Start by inspecting:
apps/web/src/components/workspace-realtime-provider.tsx;
apps/web/src/lib/events/workspace-events.ts;
apps/web/src/lib/workspace-settings/read-models.ts;
apps/web/src/lib/workspace-settings/request-dedupe.ts;
- Members, Teams, Integrations settings clients;
- routes that publish
member.changed, integration.changed, or app/run events.
Read-side mutation loop
Treat any write from a GET/read path as suspicious. A read path that repairs
membership, ensures a default team, upserts metadata, or publishes invalidation
events can create this loop:
read → publish event → mounted client refetches → read → publish event
Fix by making ensure paths idempotent and publishing only after a real insert,
update, delete, or status transition.
Whole-app stall
If /api/health probes time out, do not focus only on the UI page that was
visible. Check request volume, auth latency, CPU throttling, memory pressure,
and event-loop saturation. A later low kubectl top pods sample does not
disprove a short earlier stall.
Stream attach delay
Start with:
docs/streaming.mdx;
apps/web/src/components/app-chat.tsx;
apps/web/src/app/api/workspaces/[workspaceId]/apps/[appId]/runs/[runId]/chat/stream/route.ts;
apps/web/src/lib/streams/run-replay.ts.
Check whether the run was already streaming, whether activeStreamId existed,
whether the attach path waited for readiness, and whether replay or resumable
stream was used.
Capacity checks
Kubernetes node autoscaling is not pod autoscaling.

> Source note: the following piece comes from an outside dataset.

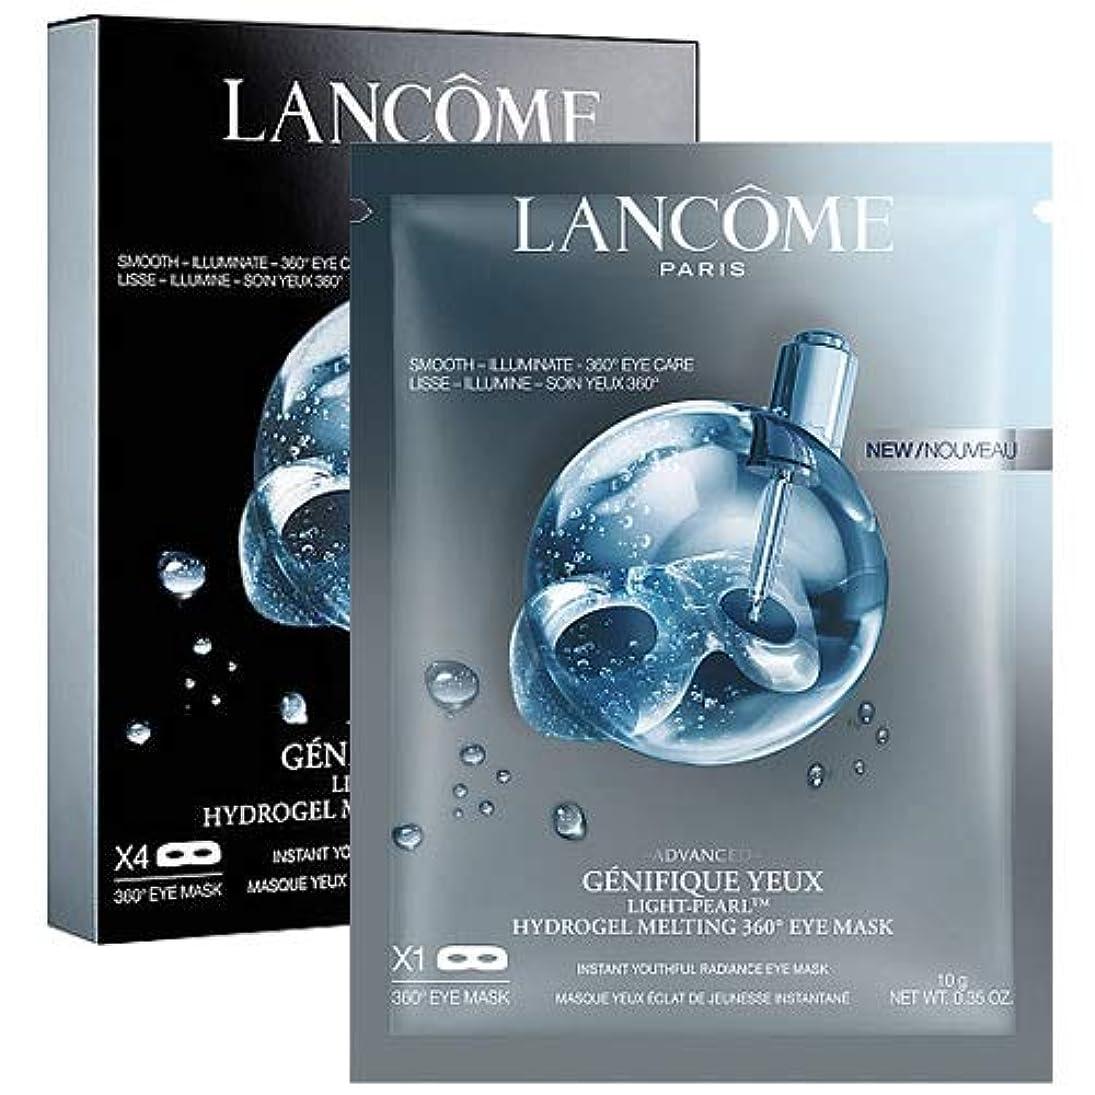 オセアニア検査官安いですランコム LANCOME ジェニフィック アドバンスト ライトパール ハイドロジェル メルティング 360 アイ マスク 7枚x10g [並行輸入品]
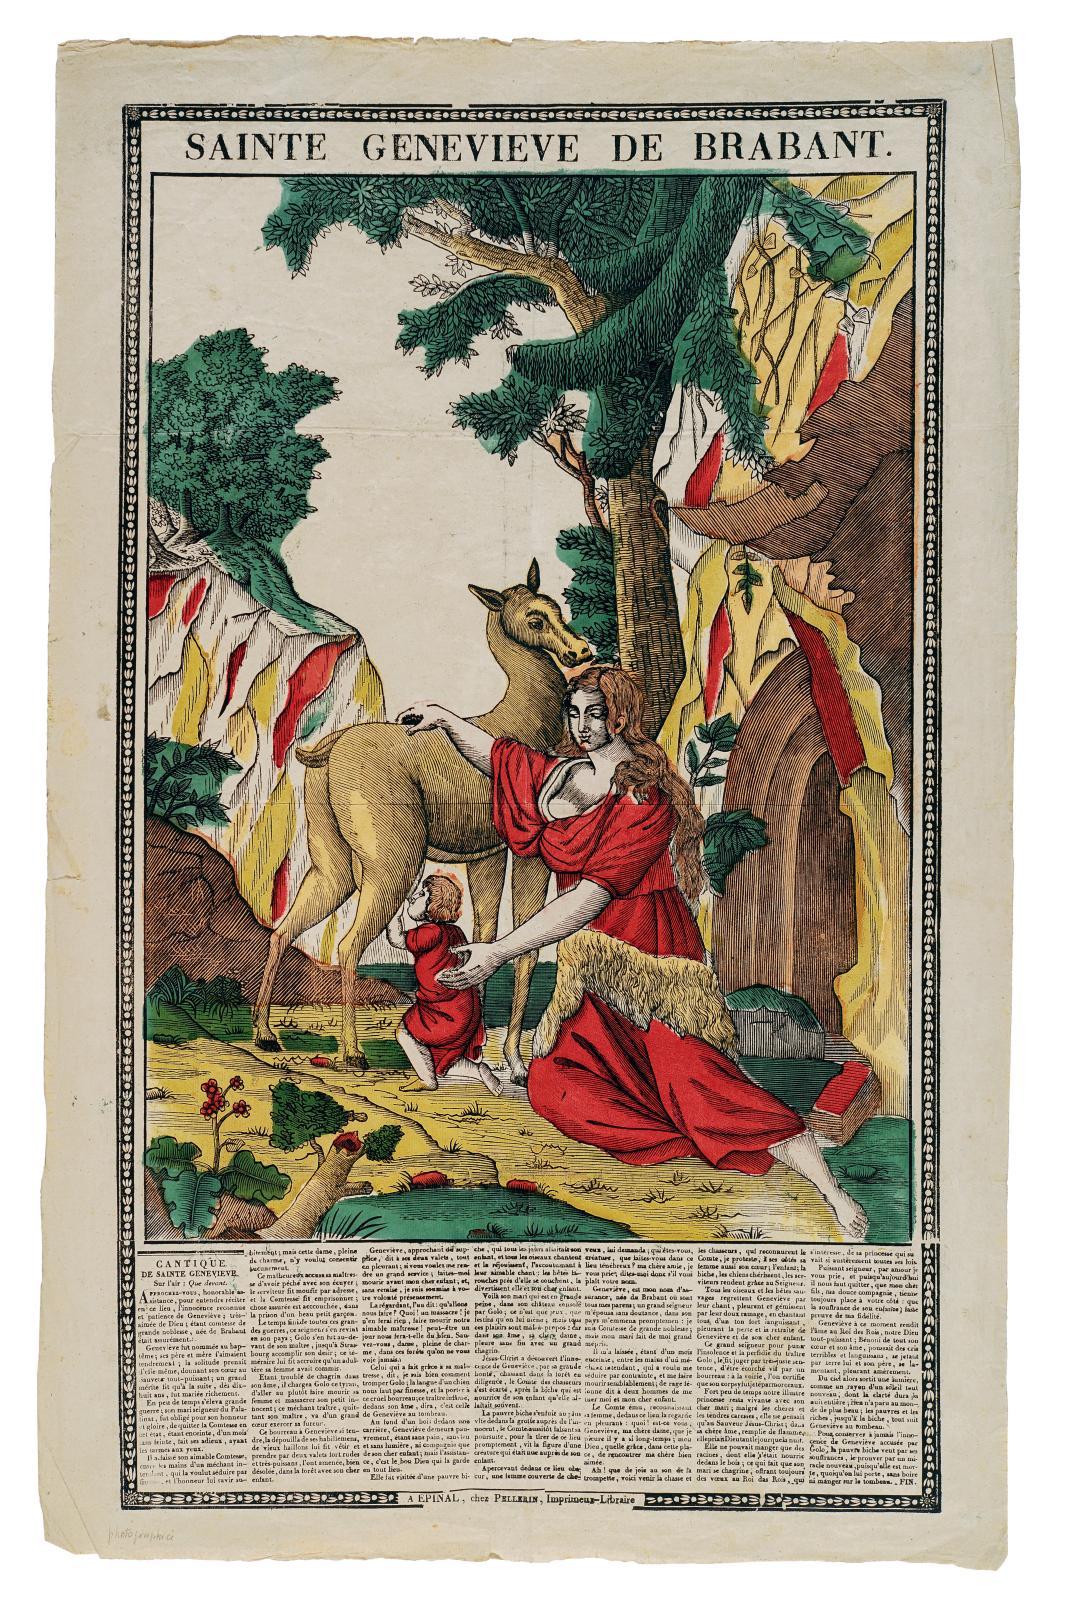 Sainte Geneviève de Brabant, à Épinal chez Pellerin (1837), 60,3 x 35,4 cm.

Check whether more pods can exist:
kubectl get deploy second -o jsonpath='{.spec.replicas}{"\n"}'
kubectl get hpa
kubectl describe deploy second
Managed GKE Autopilot can add nodes for schedulable pod requests, but it will
not create more web pods without replicas or an autoscaling policy. A single web
pod can still become the bottleneck under request amplification or many active
streams.
Worker scaling needs separate thought because active SDK sessions and workspace
files live in worker memory/filesystem while durable state is saved through web
and MongoDB.
What to record
When the issue teaches a durable lesson, update the active plan or docs with:
- what the user observed;
- the exact time window checked;
- pod health and resource state;
- request counts by route;
- slow request breakdown by request ID;
- what was ruled out;
- the likely root cause;
- the code or infra change;
- the exact staging validation that should prove the fix.